─── The data

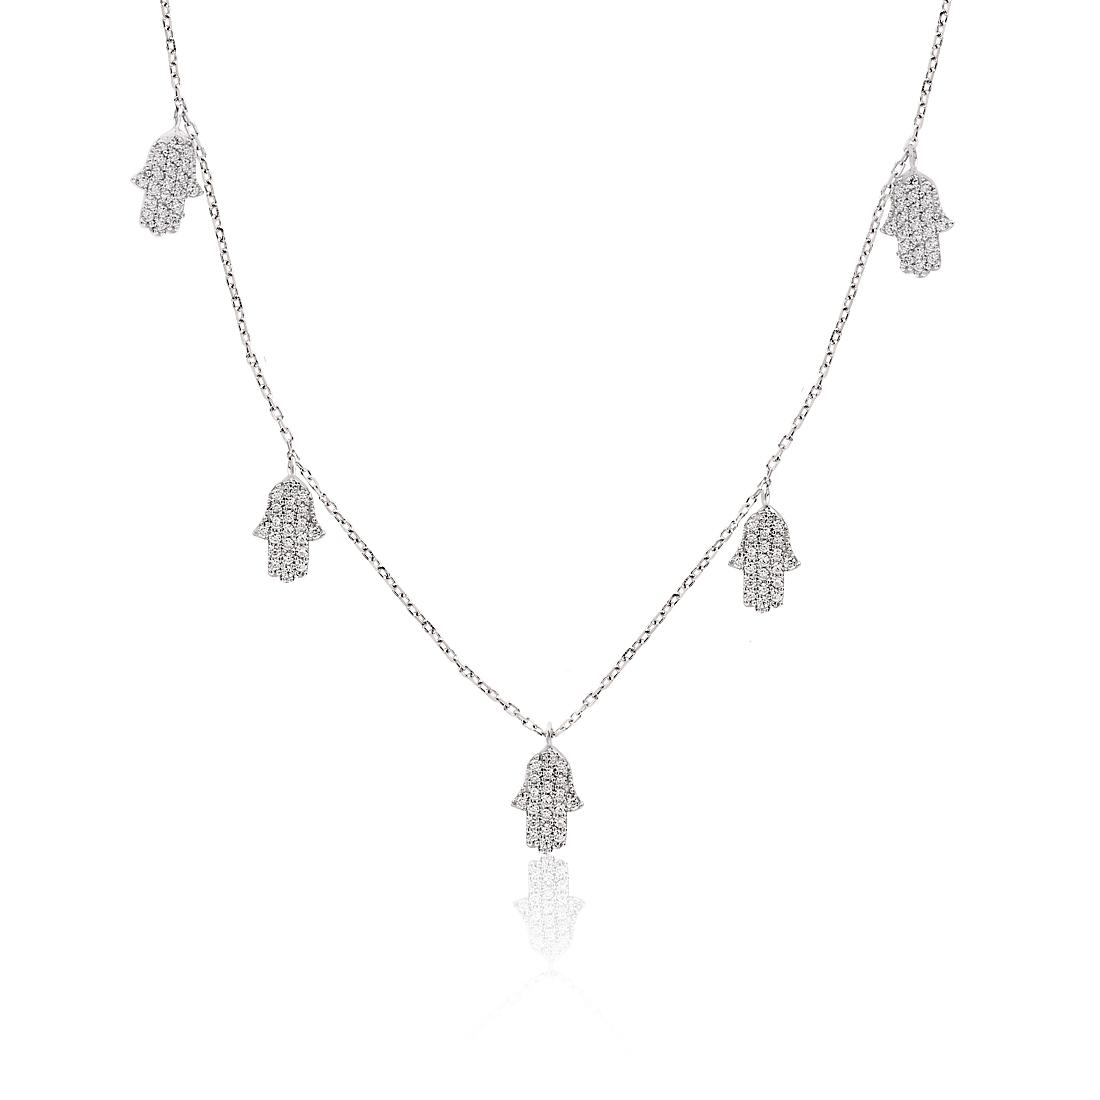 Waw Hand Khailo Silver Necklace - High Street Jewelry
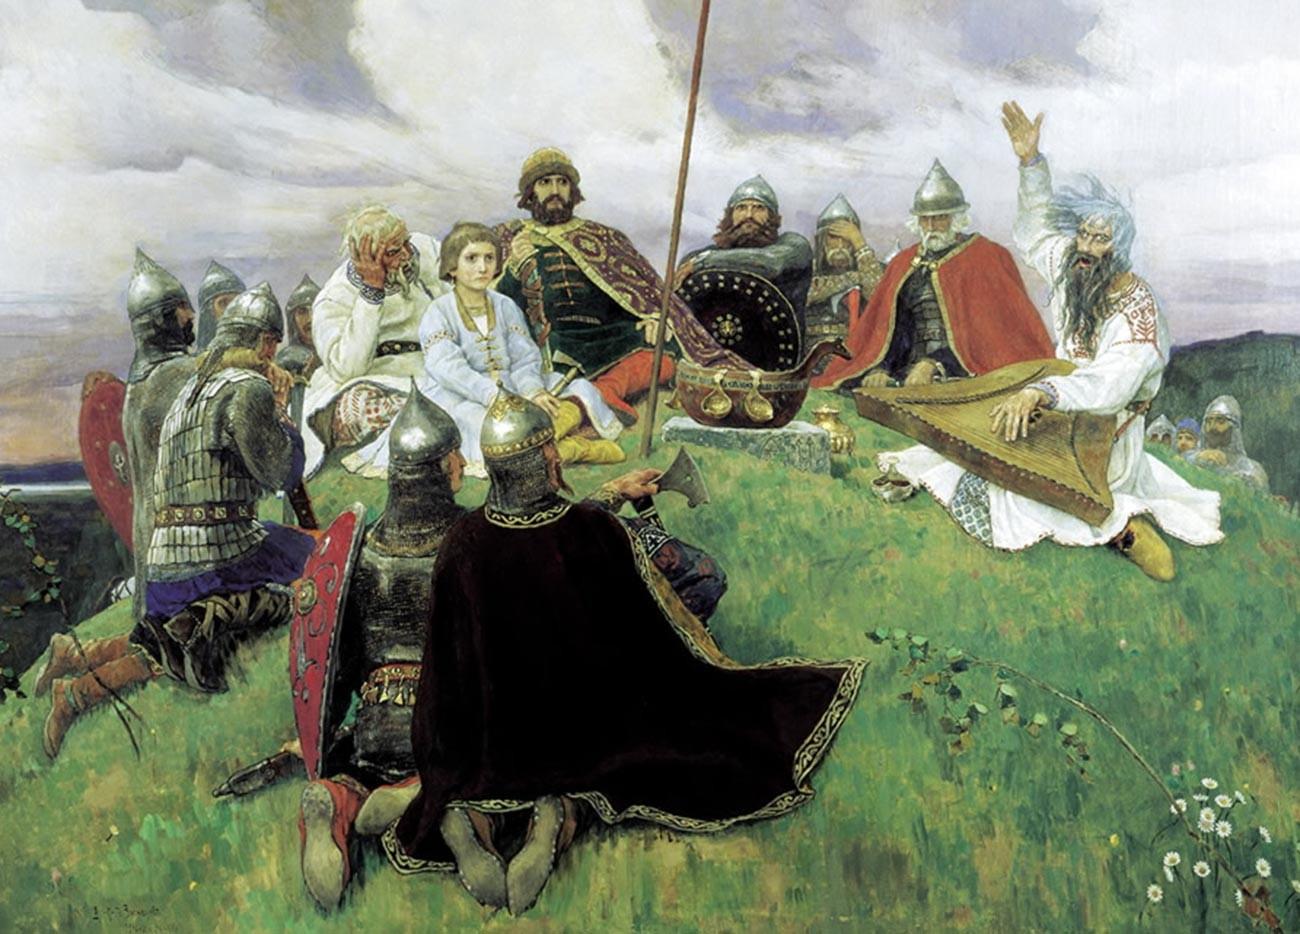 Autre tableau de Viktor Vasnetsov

──────
─── The data

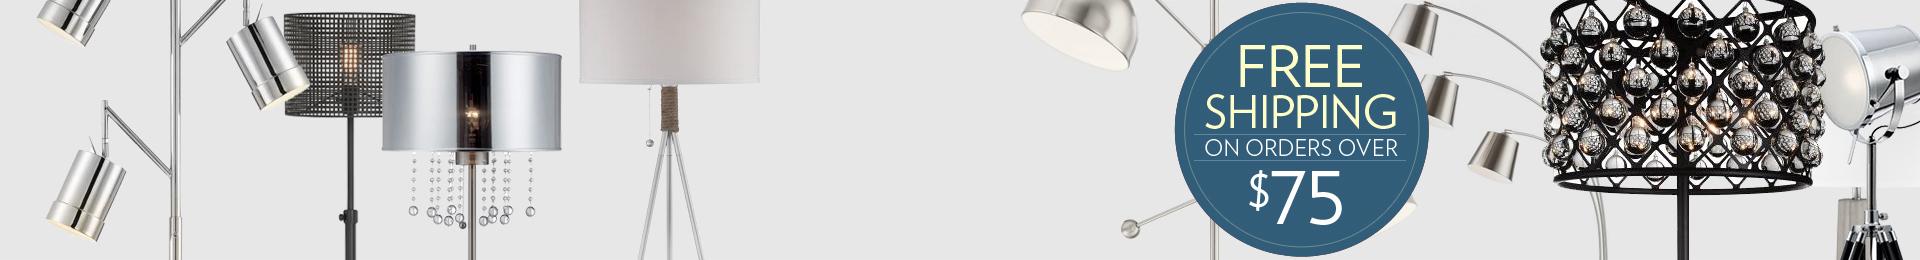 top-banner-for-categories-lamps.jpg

──────

Task goal: What's needed is an exact copy of the lines above from the one with "Waw Hand Khailo" through the one with "Autre tableau de Viktor Vasnetsov", both included; the pictures stay out.

Result below:
 Waw Hand Khailo Silver Necklace - High Street Jewelry
 Autre tableau de Viktor Vasnetsov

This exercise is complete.